# Will a chinese algae eater eat cherry's?



## AlexPerez (Jan 25, 2004)

I'm not sure about the CAE going after the shrimp,
but the cherry barbs might.

Regards, 
Alex


----------



## newshound (May 9, 2005)

CAE are nasty little suckers. I don't know about the shrimp but I'd assume the worst. The size of the CAE is also a factor.


----------



## TheOtherGeoff (Feb 11, 2003)

its fairly small...only about 2 inches or so. it has never bothered anything even when it was in my parents tank. it was filled with tetras, gouramis and a betta. could have cared less. he doesnt mess with the barbs either but they could be a problem as they try to eat everything in the tank thats comes floating about. maybe its not a good idea anyway.


----------



## elihanover (May 15, 2008)

Any thoughts on the CAE with shrimp?


----------



## jmhart (Mar 14, 2008)

The CAE will eat juvie shrimp.

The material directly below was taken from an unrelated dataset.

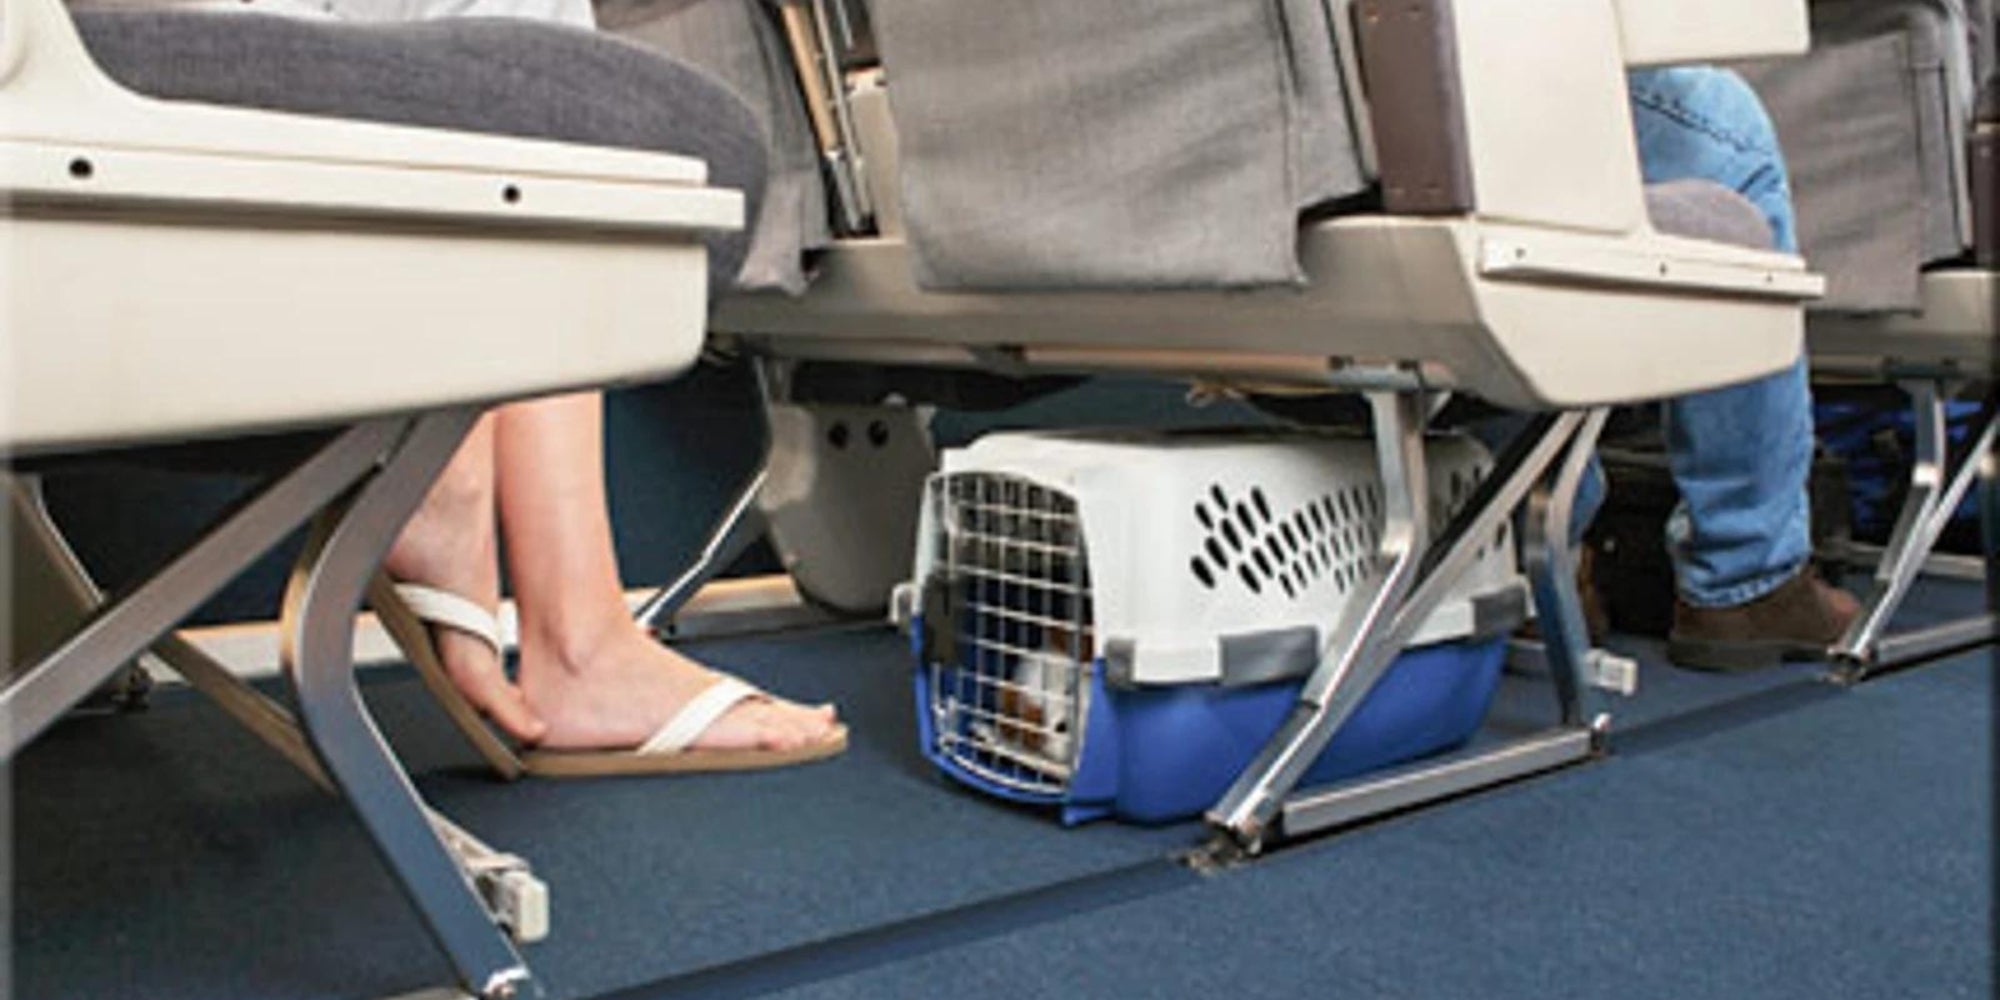 Gato acurrucado tranquilamente en su transportadora debajo del asiento del avion

The CAE may be small now, but he's gonna get big, and he's gonna munch, not on adults, but any babies.


----------



## lauraleellbp (Feb 3, 2008)

IME a CAE will murder anything in a tank it doesn't eat once it grows up.


----------



## defiant (Dec 1, 2009)

if the CAE is the same as the Siamease Algae Eater then yes cause i seen my SAE's eat some baby shrimp so i took them out and put them in my pond.


----------